#### What to produce
Pictures are not part of the copy. Set down exactly the lines from the one containing "Image of Tenera è la notte" through the last line of the material below.

#### Provided data
---*---
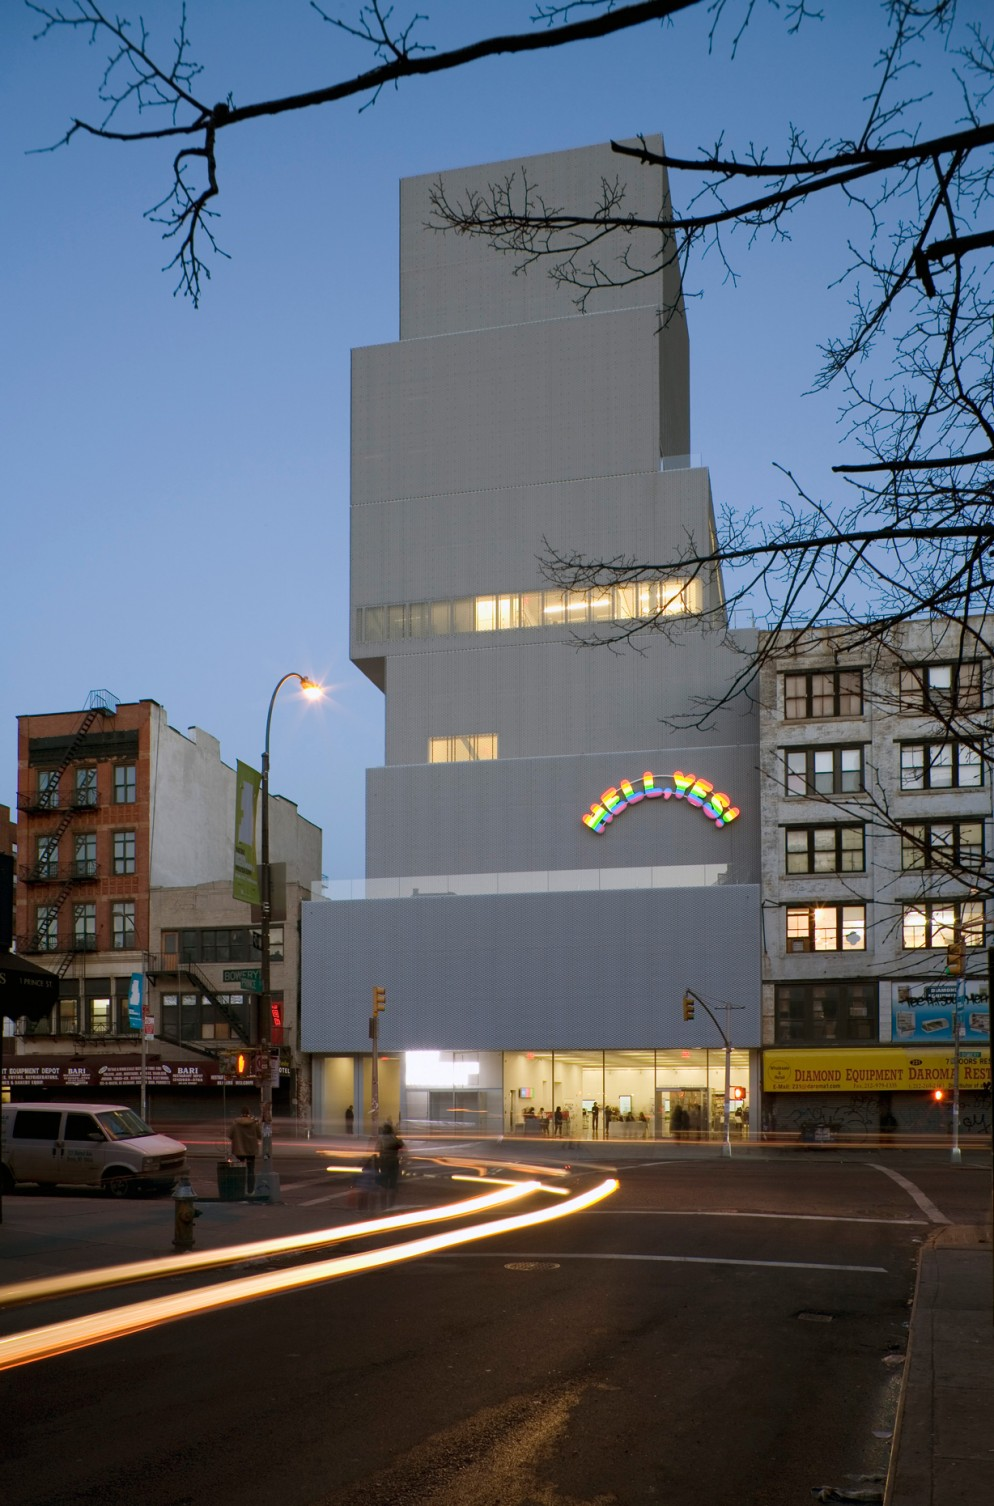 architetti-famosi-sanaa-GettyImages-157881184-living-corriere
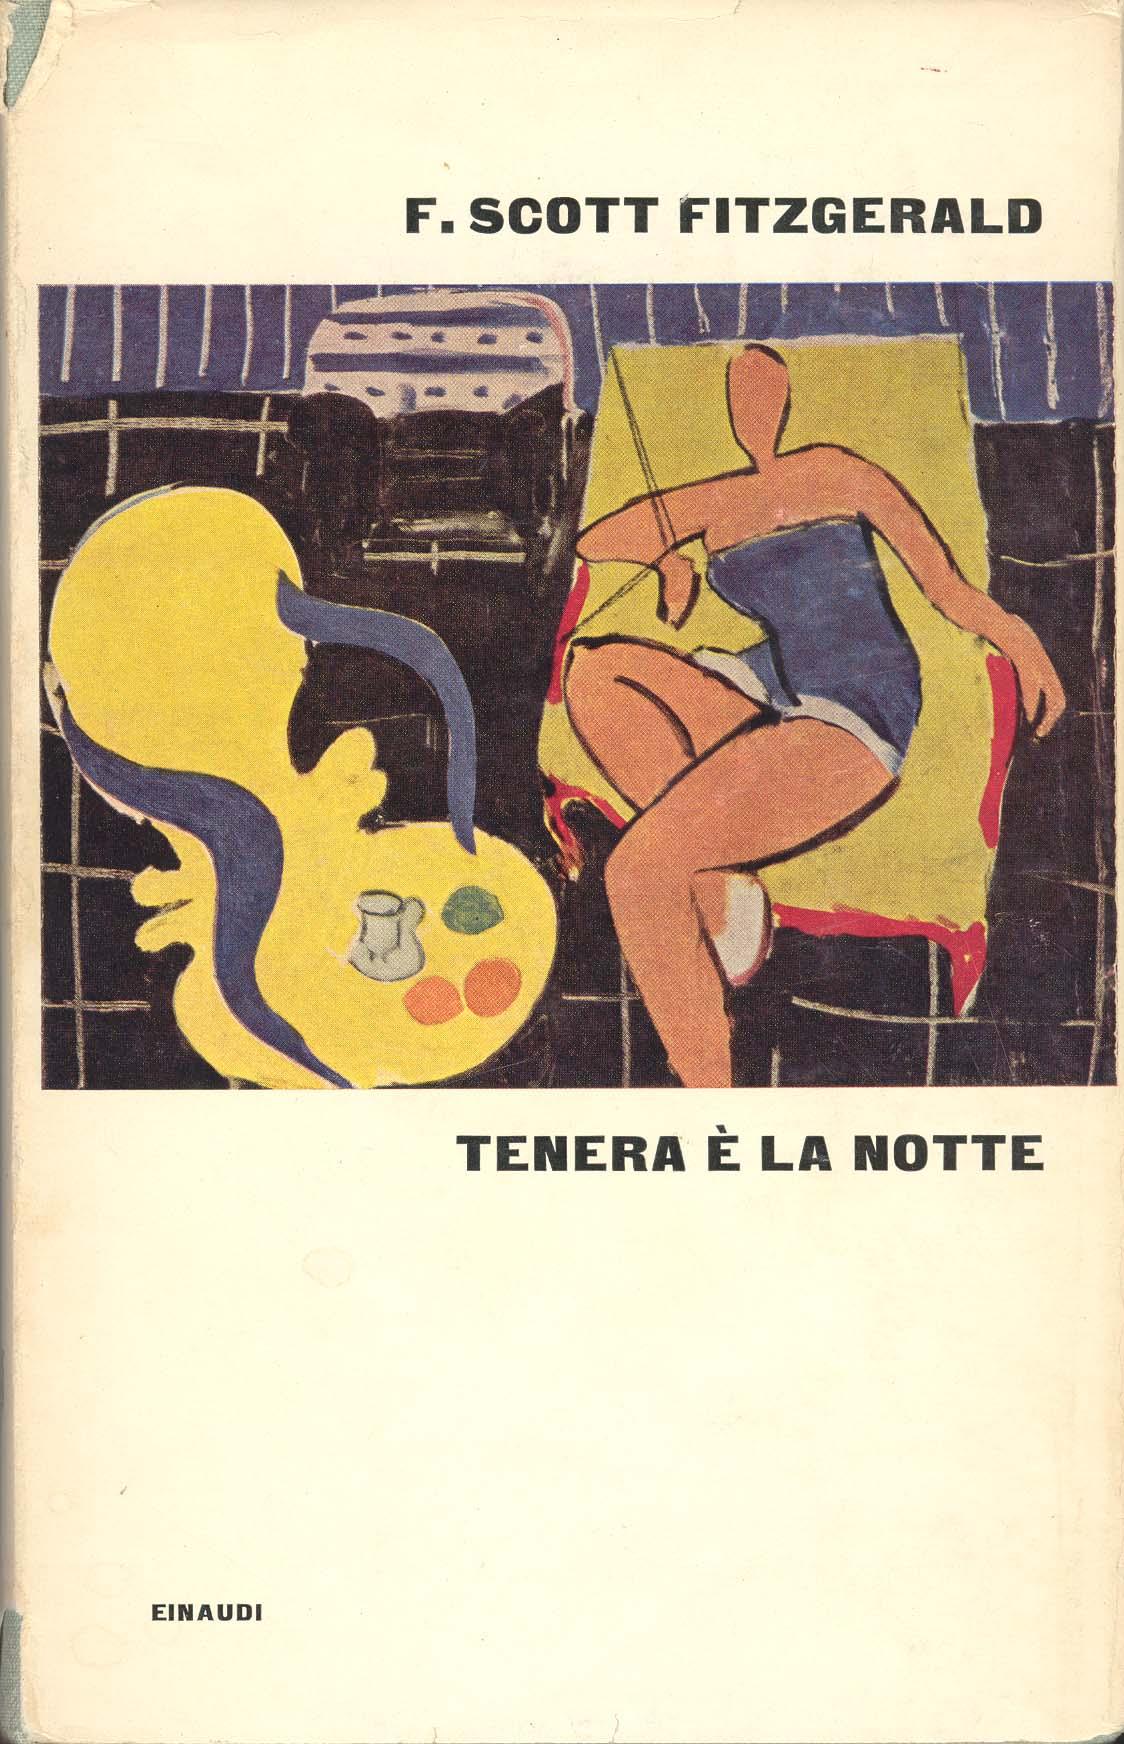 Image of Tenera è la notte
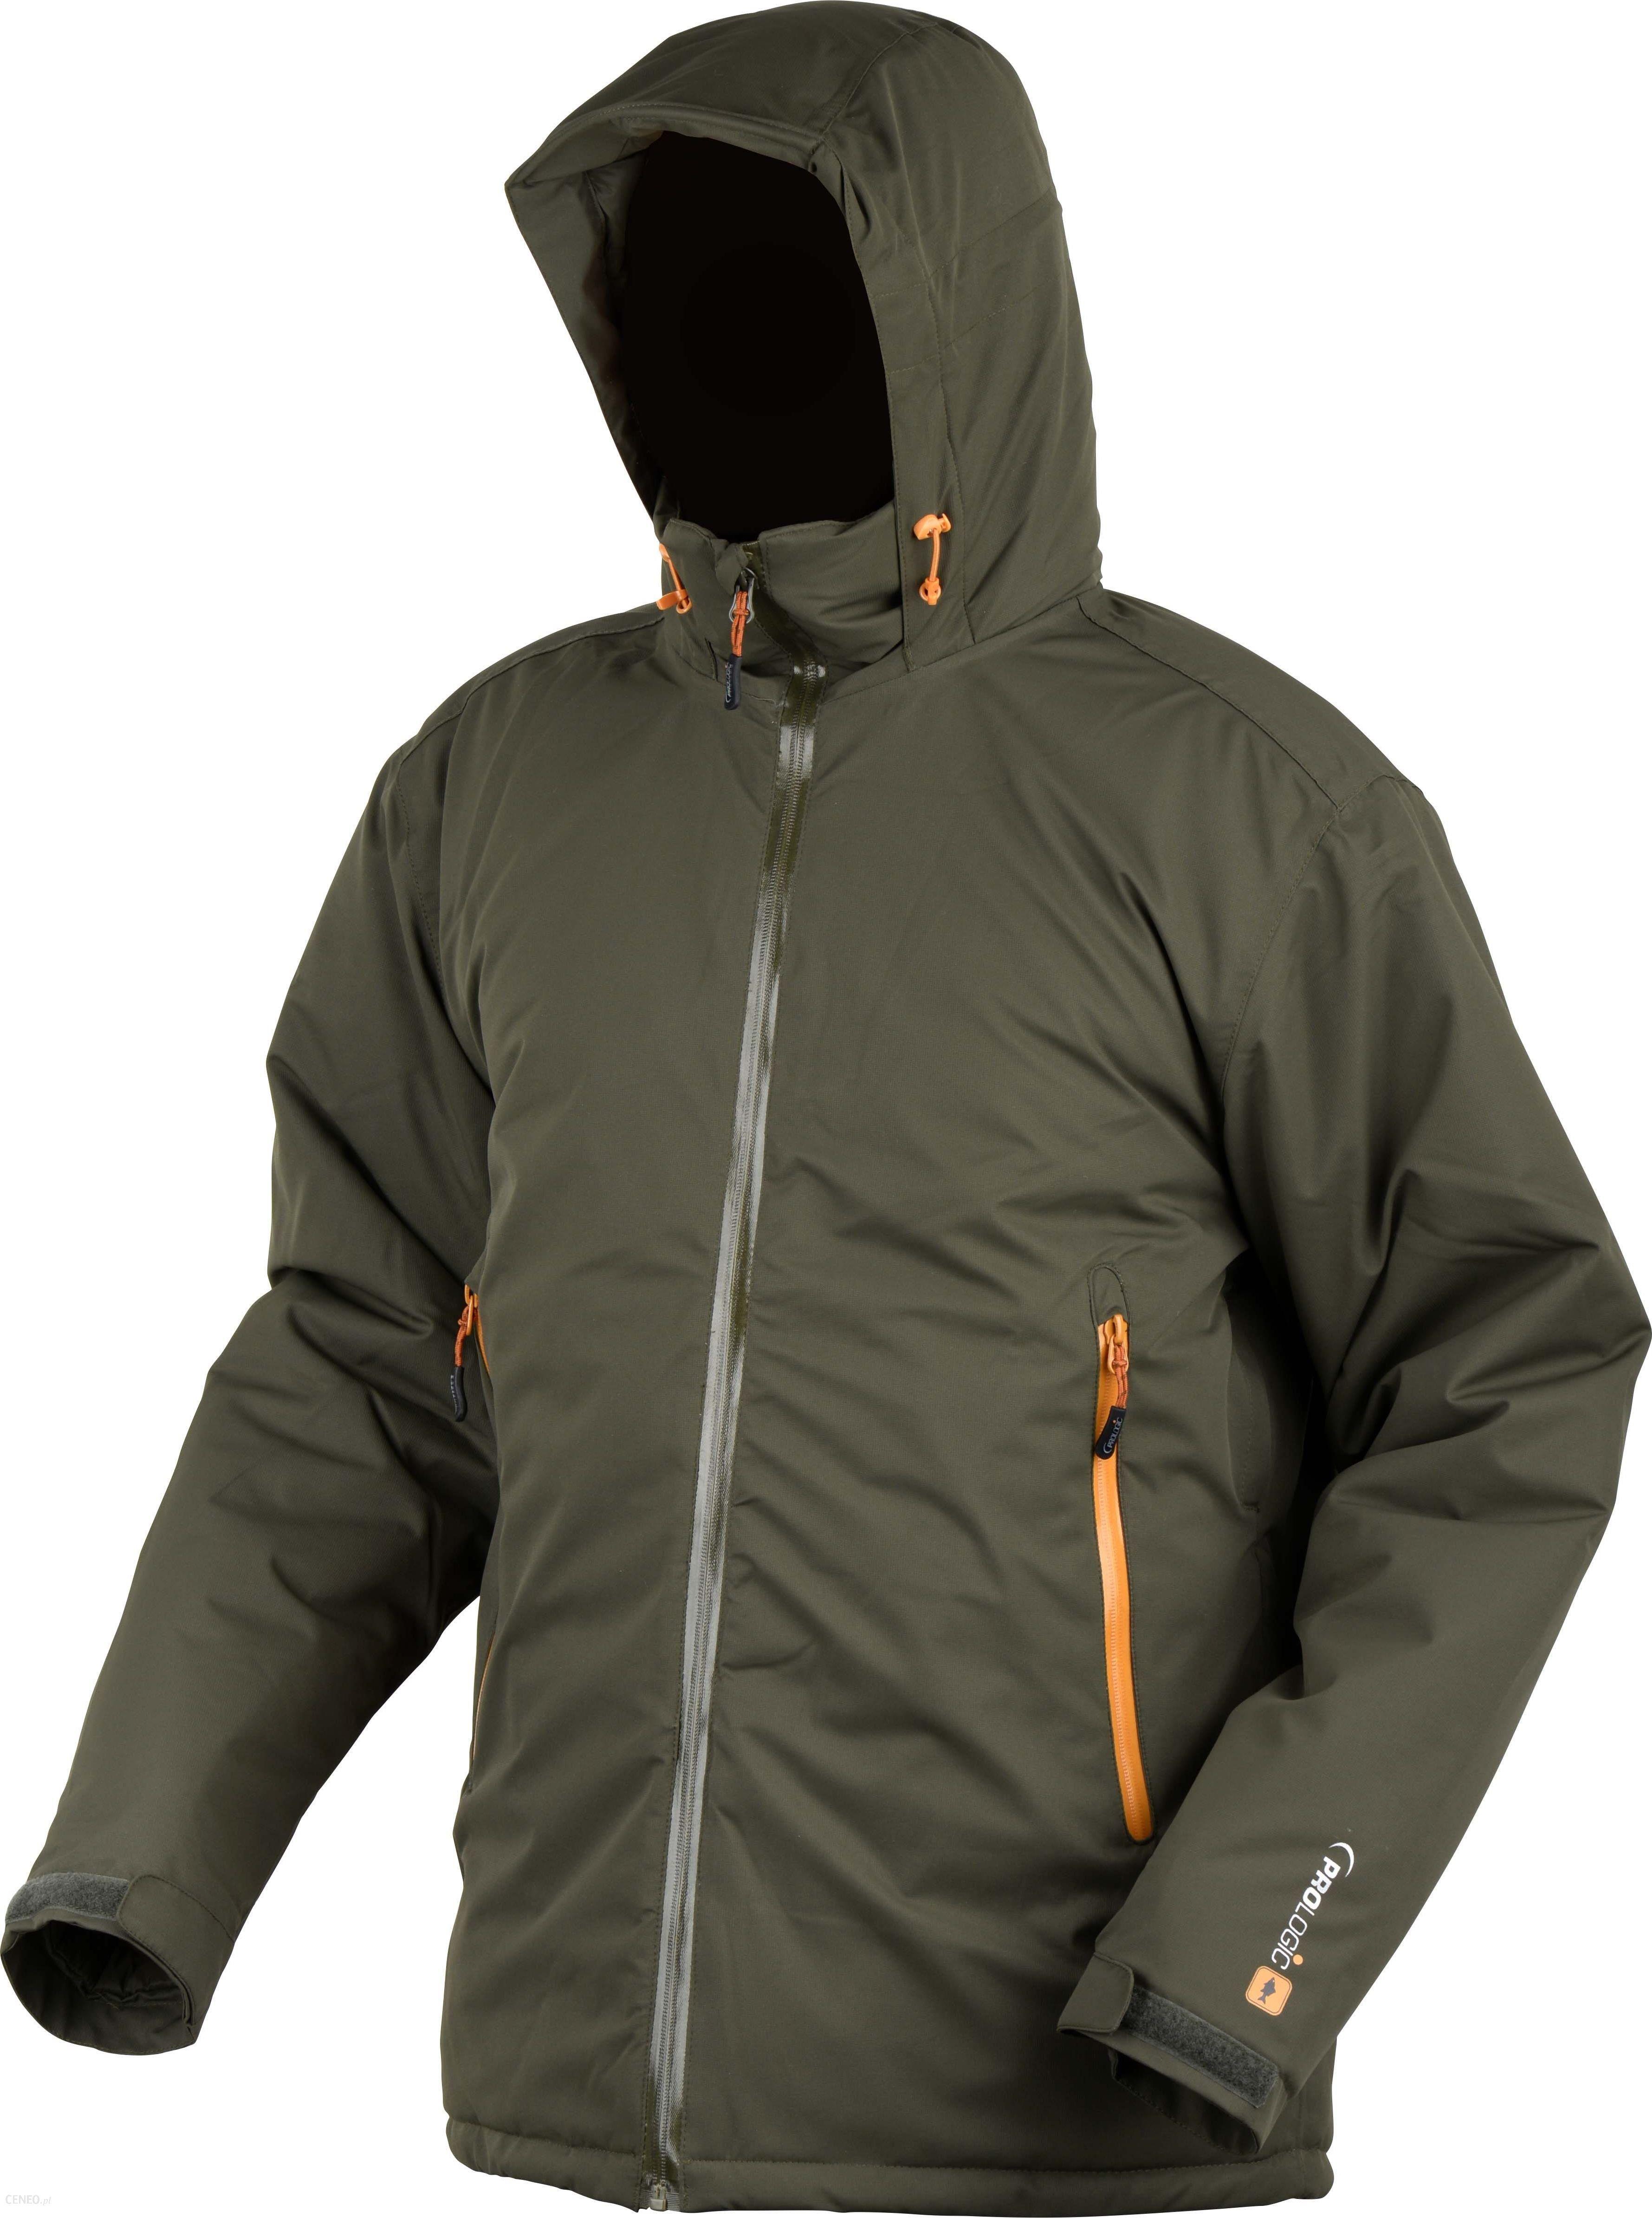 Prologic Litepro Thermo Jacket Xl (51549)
---*---
#### Task result
 Image of Tenera è la notte
 Prologic Litepro Thermo Jacket Xl (51549)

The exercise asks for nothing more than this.